Leaving the pictures aside, write out the whole listing below exactly.

Start of Block

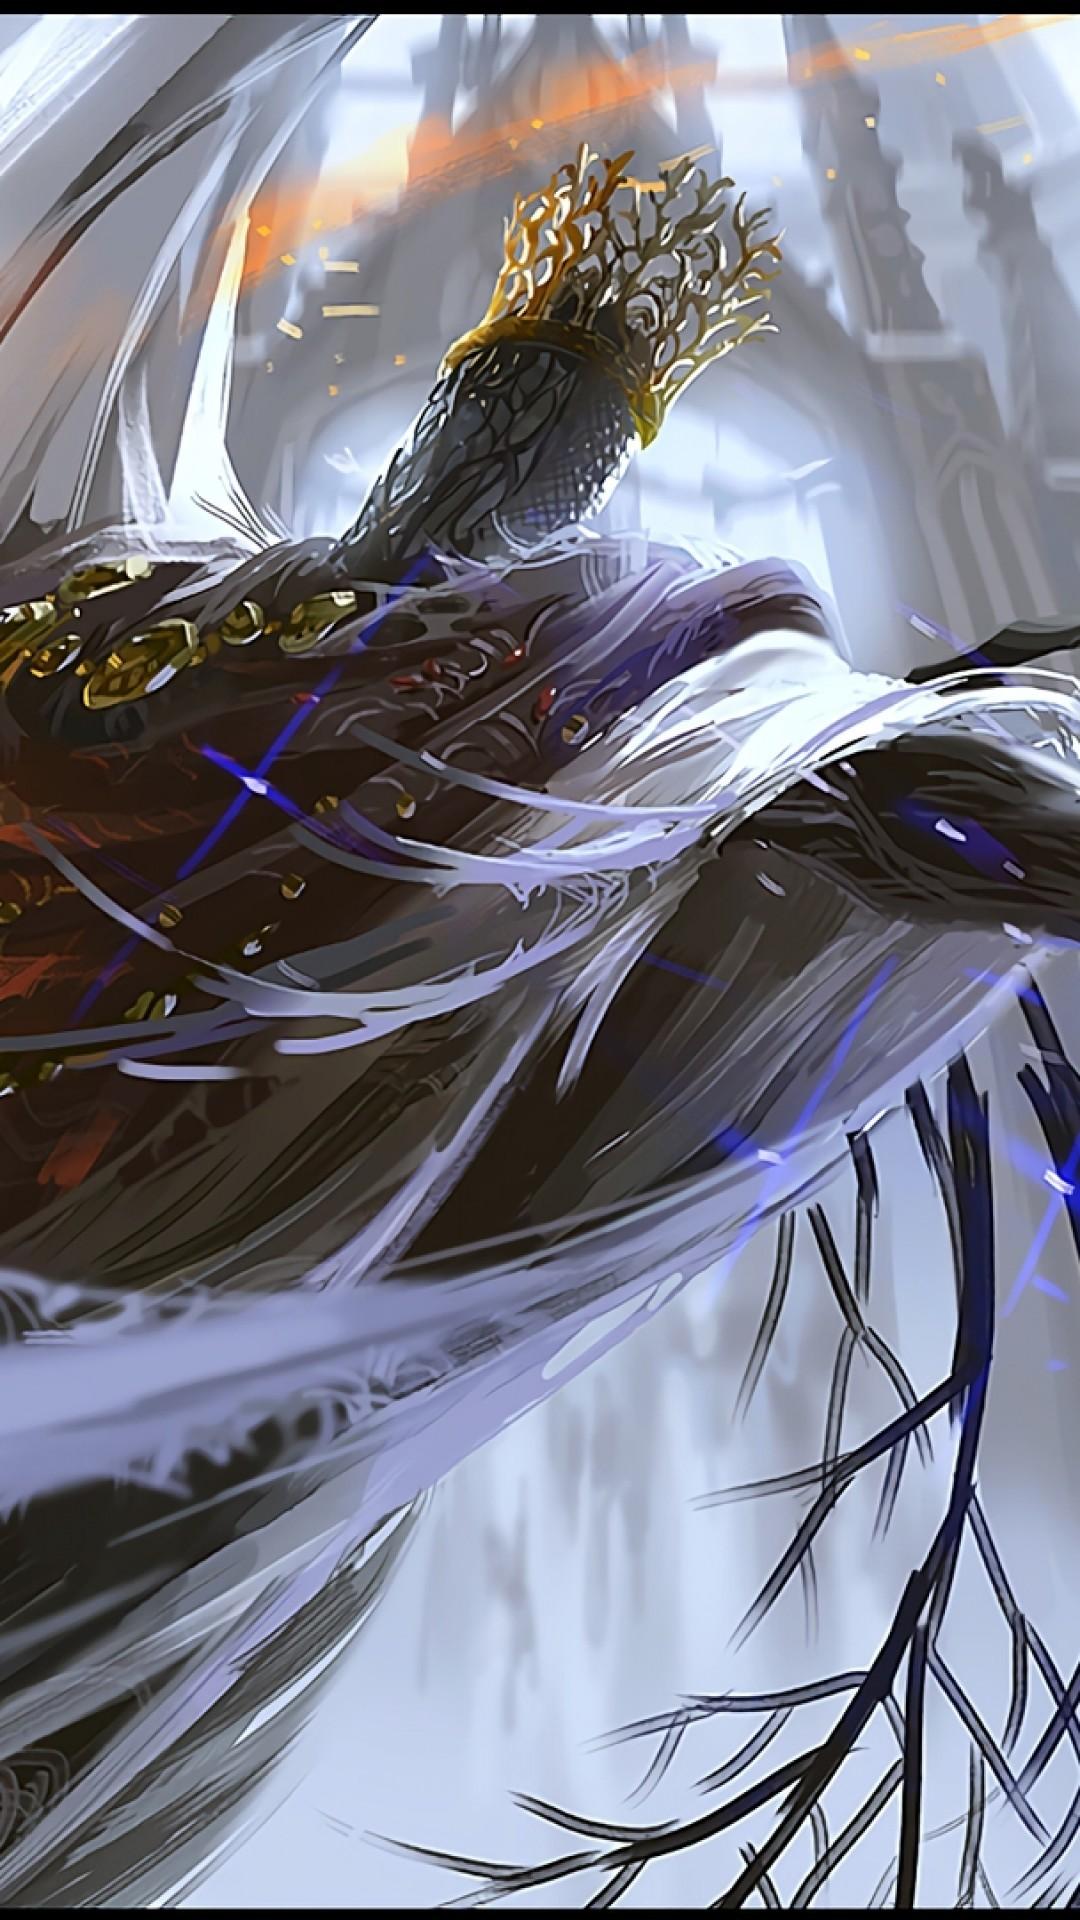 Dark Souls 3, Pontiff Sulyvahn, Twin Swords, Boss, Fire, Battle,
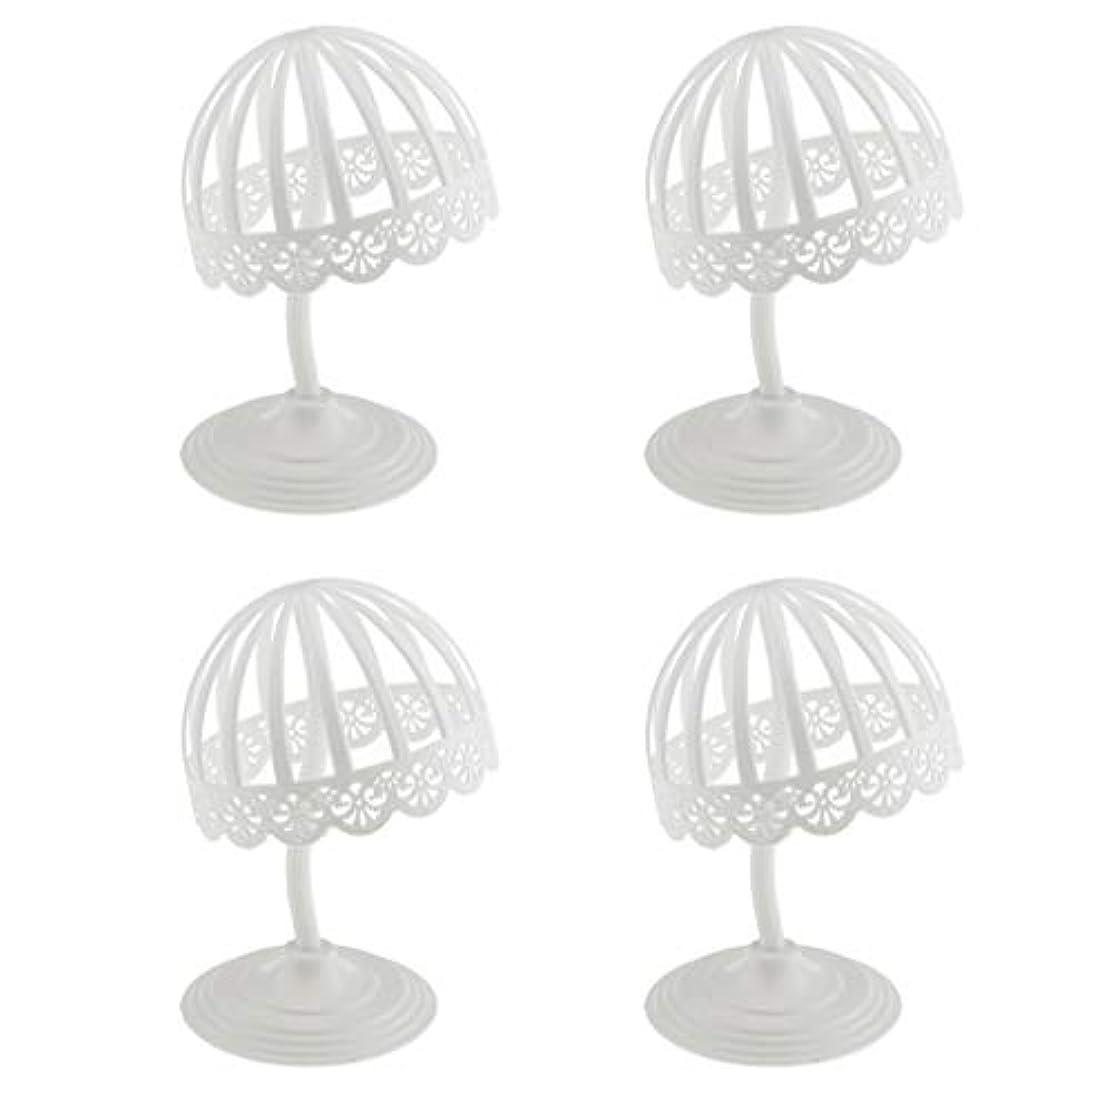 バレエアブストラクトラバPerfeclan 4個セット ウィッグ スタンド 帽子 収納 ディスプレイ ホルダー プラスチック製 ホワイト
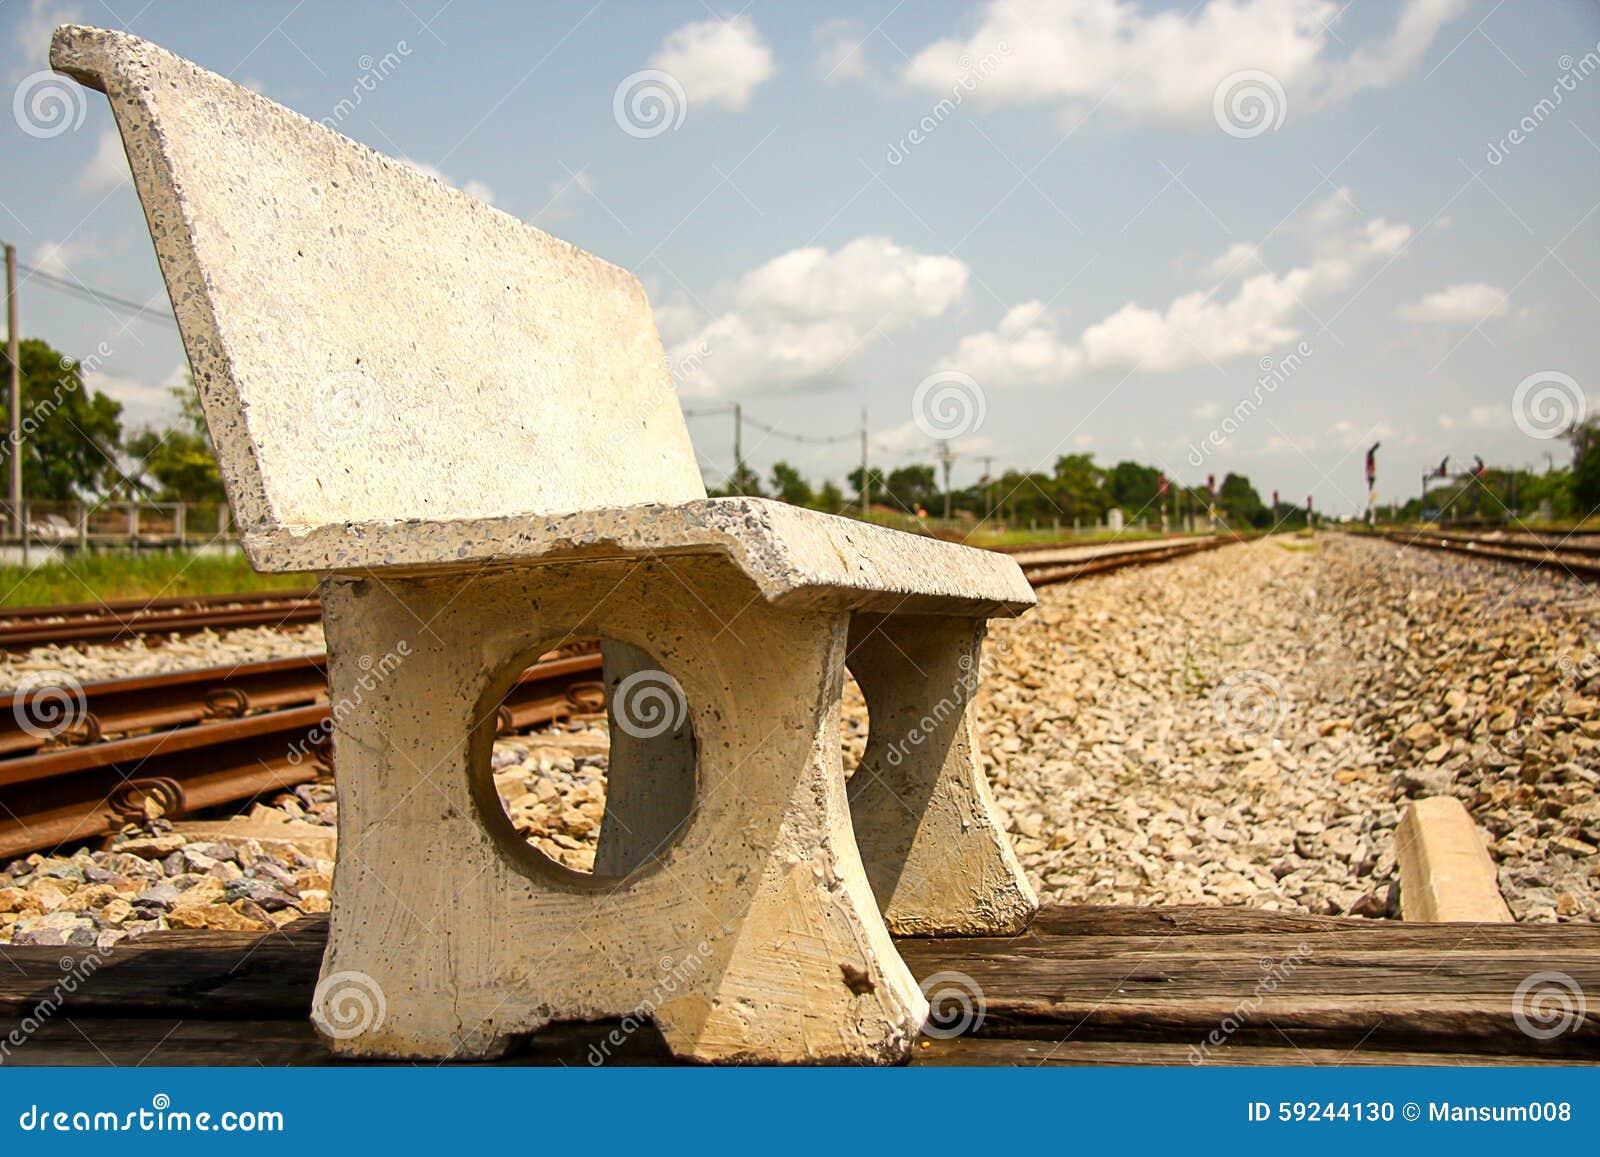 Download Silla del cemento foto de archivo. Imagen de outdoor - 59244130
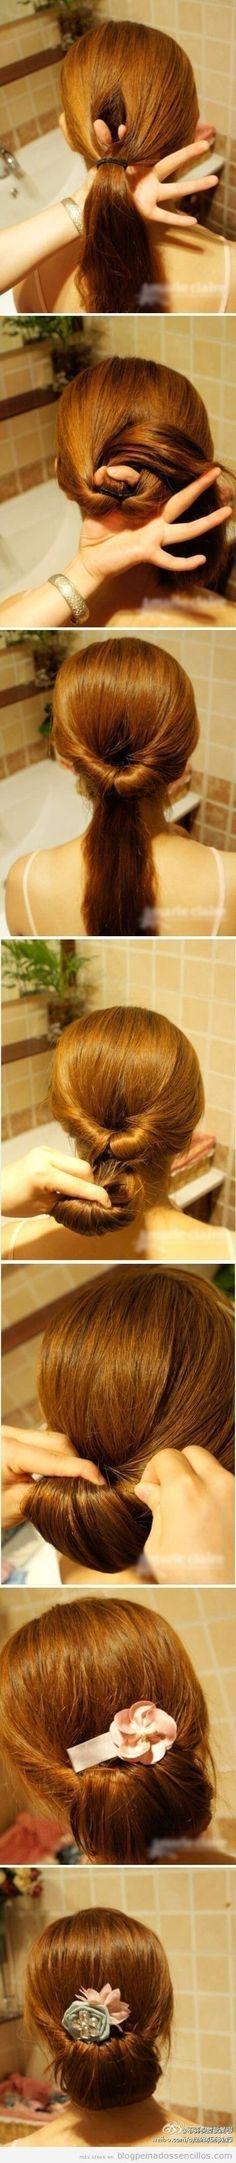 Von klassisch bis niedlich: Frisur Ideen für lange Haare - zweimal gedrehter Chignon
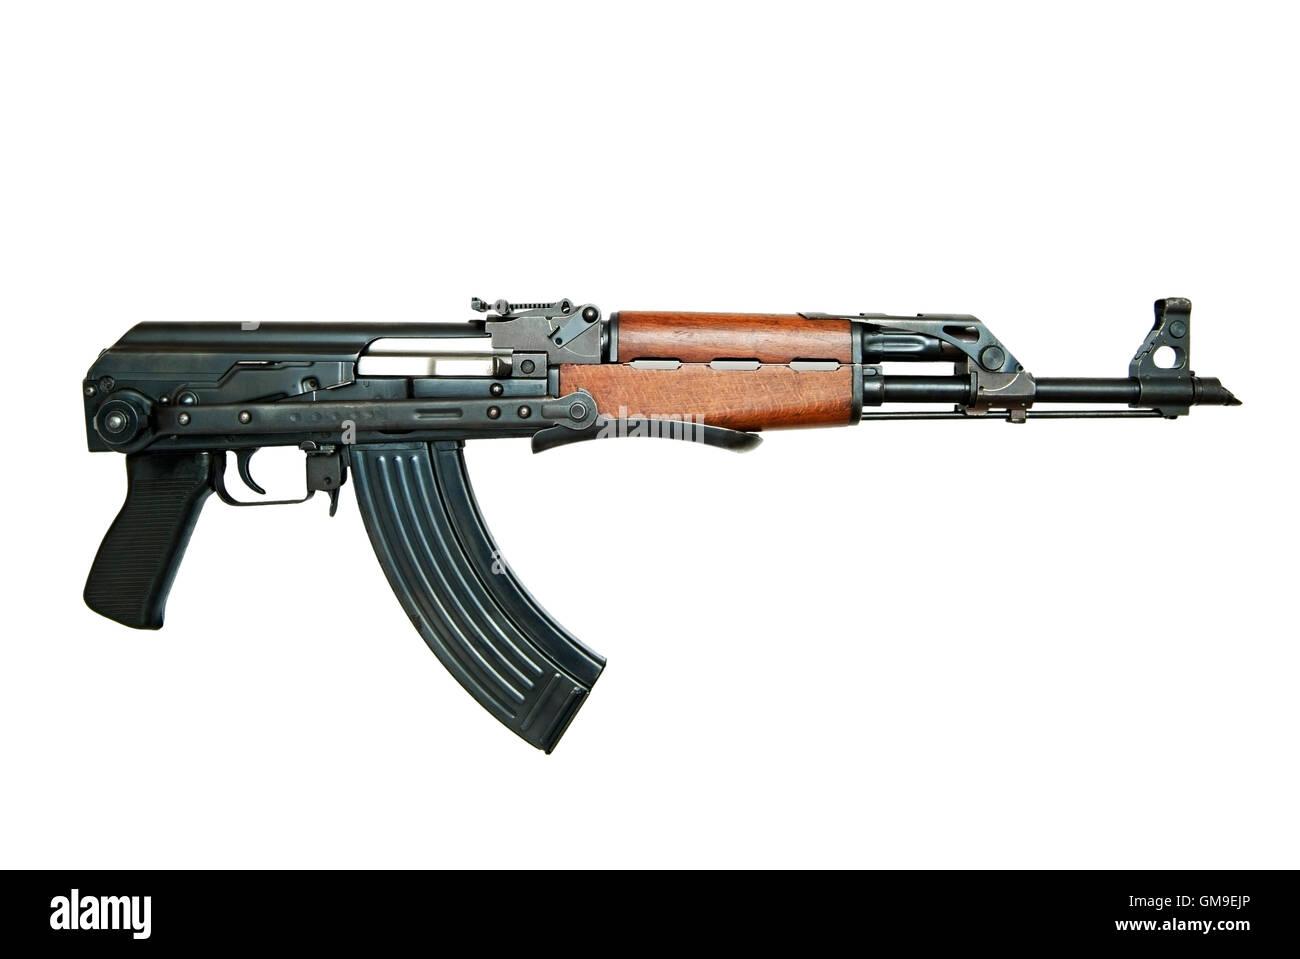 AK47 AKMS Kalashnikov Assault Rifle, Cut Out.

End of Block

→ **Exercise output**:
 Dark Souls 3, Pontiff Sulyvahn, Twin Swords, Boss, Fire, Battle,
 バレエアブストラクトラバPerfeclan 4個セット ウィッグ スタンド 帽子 収納 ディスプレイ ホルダー プラスチック製 ホワイト
 Download Silla del cemento foto de archivo. Imagen de outdoor - 59244130
 Von klassisch bis niedlich: Frisur Ideen für lange Haare - zweimal gedrehter Chignon
 AK47 AKMS Kalashnikov Assault Rifle, Cut Out.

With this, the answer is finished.